I imagine the Great Burn’s wolverines, among only 300 remaining in the Lower 48, emerging from maternal dens to find their world unusually empty and quiet, with room to roam and peace of mind in the absence of screaming machines.

When stay-at-home orders come to an end, and the pace of life returns to a gallop, how do we hold on to the hush in our homes and families? How do we give wildlife space and freedom to thrive?

“Tom did more than just listen for that hush,” Elser writes. “He defended it.” Like the Scapegoat nearly 50 years ago, the wild Great Burn needs defenders, today.

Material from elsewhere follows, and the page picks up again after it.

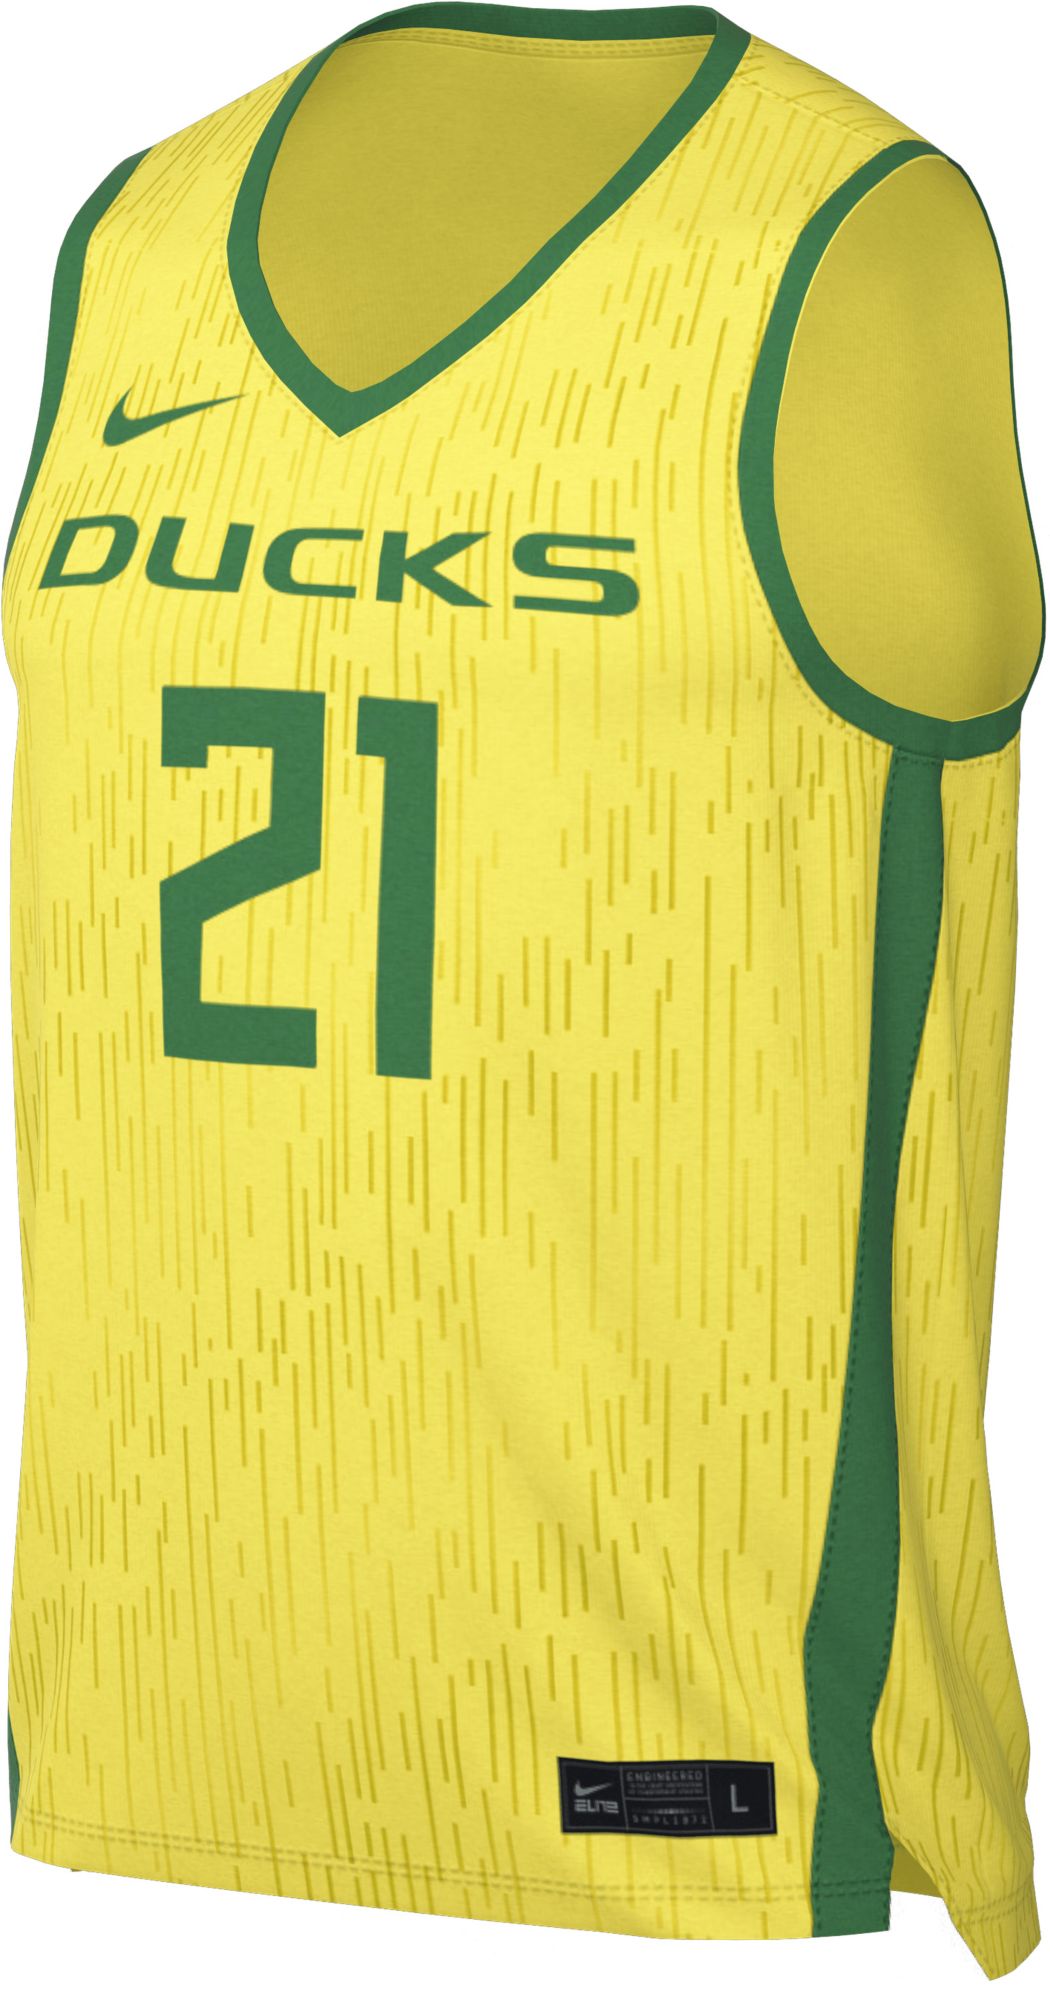 Oregon Ducks Men's Basketball Team-Worn #54 Dark Gray and Yellow

If wild places are a source of spiritual strength for you as they are for me, there’s no time to lose. We can follow in Elser and Edwards’ bootsteps and keep the “hush” in abundant supply by shaping the Nez Perce-Clearwater National Forest’s management plan for the next generation.

Since the 1970s, the Lolo and Nez Perce-Clearwater national forests have managed the Great Burn as the largest “Recommended Wilderness” in the Northern Rockies. In 1988, the Great Burn suffered a cruel injustice: Congress designated the Montana portion as Wilderness, only to see it overturned in a politically motivated pocket veto by President Reagan, the sole veto in the history of the Wilderness Act.

The Great Fire of 1910, from which the area got its name, was an accident of history. The only accident today would be for the Nez Perce-Clearwater National Forest to reverse its longstanding commitment to the Great Burn.

Submit comments to fpr_npclw@fs.fed.us before Monday in support of maintaining existing protections for the Great Burn recommended wilderness. Just a short email will do.

Coronavirus has demonstrated that we cannot afford to go “back to normal.”

America’s endangered wilderness cannot afford business as usual, either. If we take time this spring to slow down, watch, and listen for the “hush of the land,” we might also be inspired to give wild nature its dues.

Zack Porter has worked in support of wildlife, wildlands and wild waters for 15 years in the Northern Rockies and North Cascades for nonprofit organizations and the U.S. Forest Service.